Эстерли подошел к нему и остановился в паре шагов. Его пронизывающий взгляд упал поочередно на Уайлдера, Дыма и Годфри перед тем, как обратился к Лоусону.
— Обо мне вы уже все знаете, — кивнул он. — Я жил в чернейшей из теней. Я делал ужасные вещи собственными руками во имя Бога. Я потерял… самый драгоценный дар, который был дан мне: мою семью, — он опустил голову, и ему потребовалось несколько мгновений, чтобы собраться с силами и заговорить снова. — Теперь у меня ничего нет, — продолжил Эстерли, и голос его зазвенел от плохо скрываемых эмоций. — Я был вором и шарлатаном, избивал жену, пил, насмехался над отцом, изображал фальшивого пророка… а позже подался в охотники за головами.
Тревор терпеливо вздохнул, выдерживая взгляд проповедника.
— Но, мистер Лоусон, — продолжил тот, находя взгляд Тревора. — Я никогда не был солдатом. Вы окажете мне такую честь?
— Сомнительная честь, — отозвался Лоусон. — Честь, ради которой вы можете умереть… или получить нечто похуже, чем смерть.
— Я уже перешел эту черту, — покачал головой преподобный. — Я уже мертв сейчас… и вряд ли моя душа когда-нибудь сумеет вернуться к тому, что называется жизнью.
Эстерли знал, что говорит. Лоусону даже не потребовалось использовать Взор, чтобы убедиться в этом.

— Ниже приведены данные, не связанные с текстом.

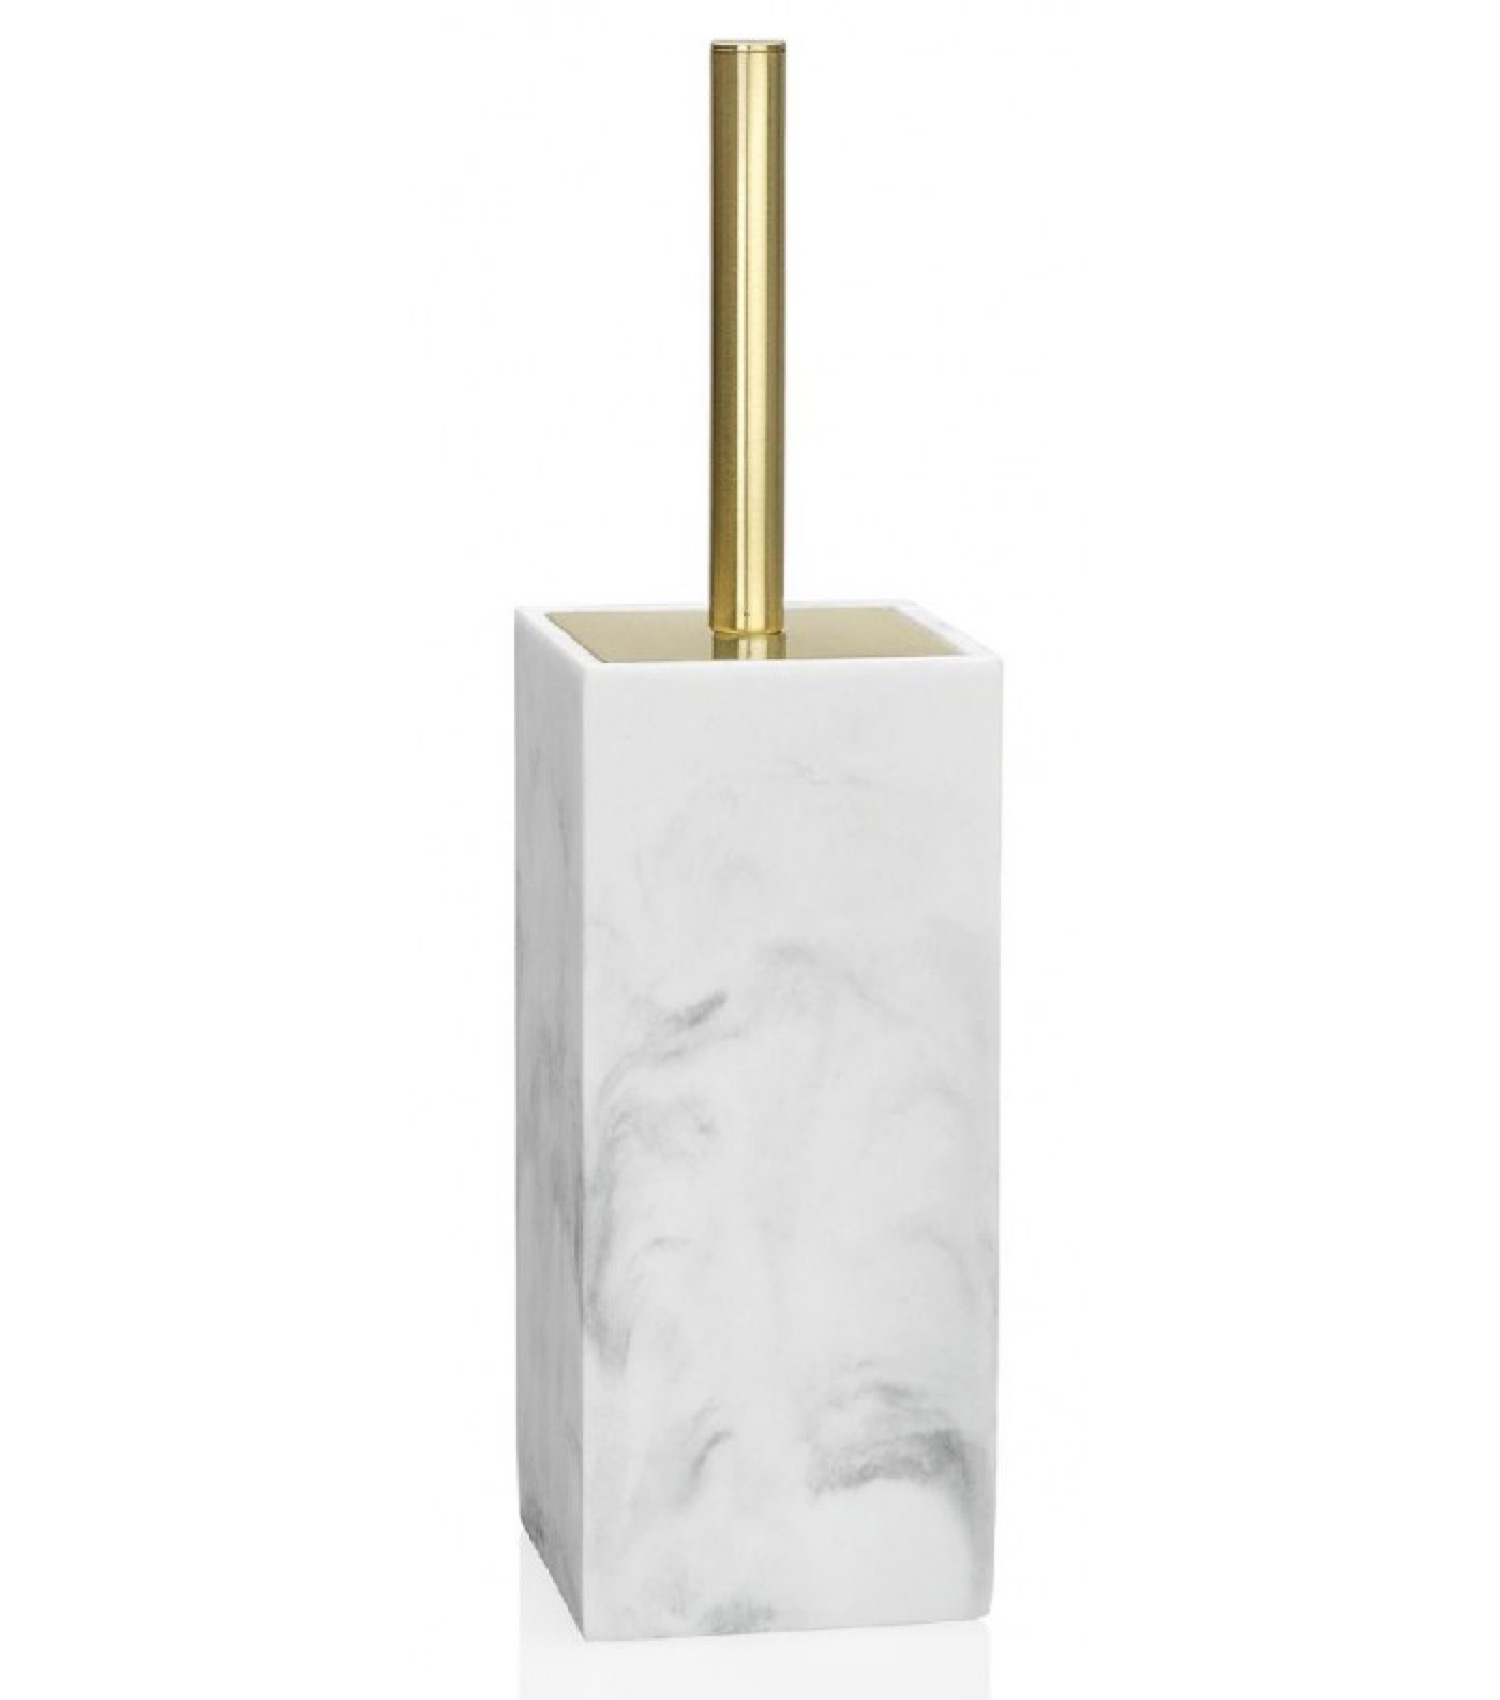 Brosse WC en résine effet marbre blanc et métal doré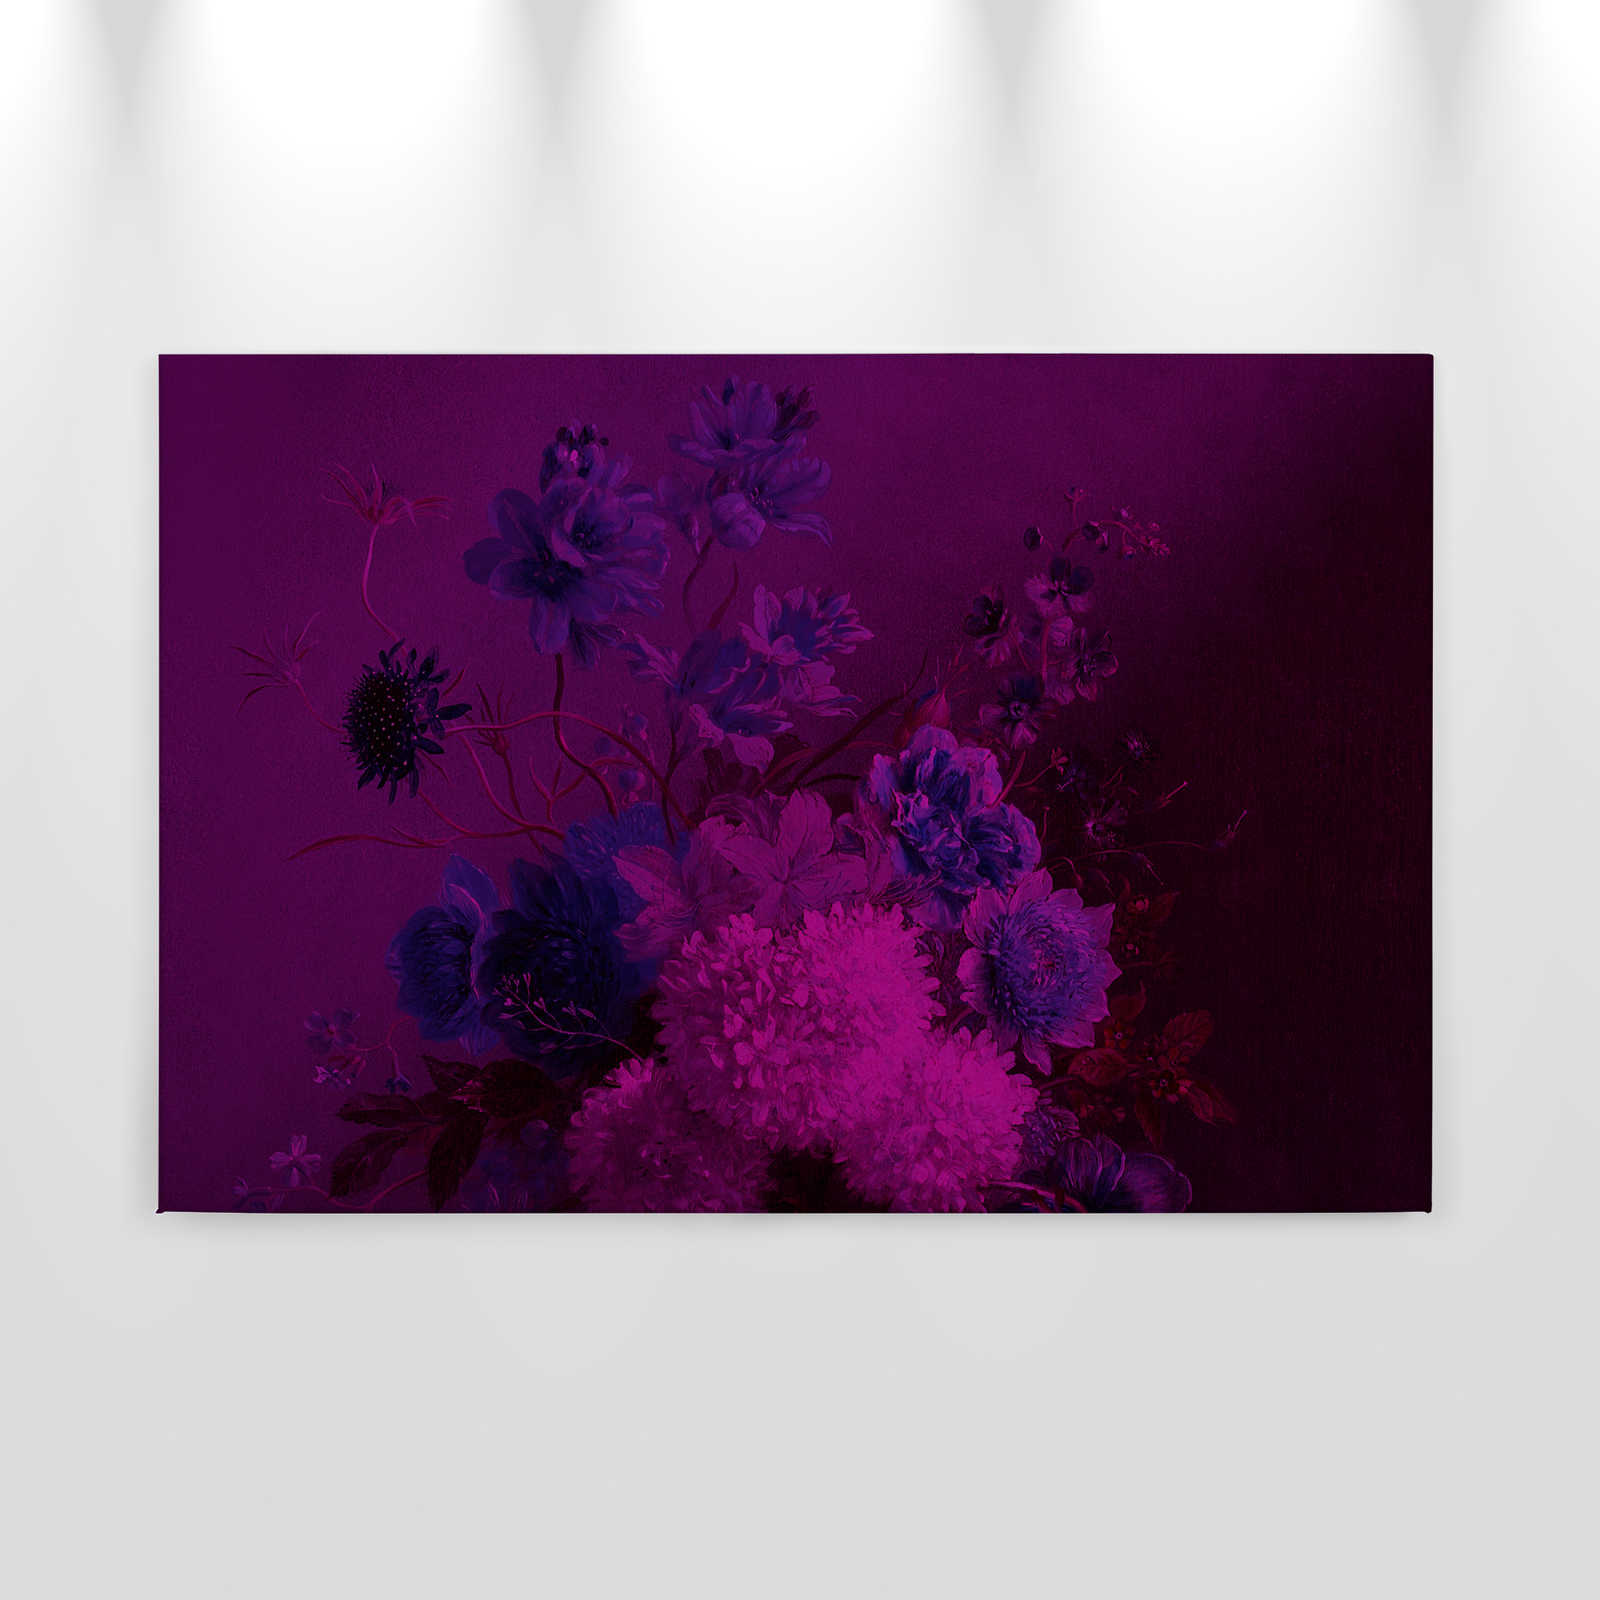             Toile néon avec fleurs nature morte | bouquet Vibran 3 - 0,90 m x 0,60 m

— Поговорим, когда доберемся до Хелены, — неопределенно покачал головой он.
— Ну, что, стоит начать убирать этот мусор? — спросил Годфри. — А потом приступим к работе с завалом.
Лоусон все еще был не в том состоянии, чтобы передвигать тела. Рана на боку, пусть она и заживала, все еще была тяжелой и болезненной, а кости правой руки не успели срастись в достаточной мере. Он неуверенно окинул взглядом вагон, однако преподобный будто уловил его мысль и пресек ее на корню.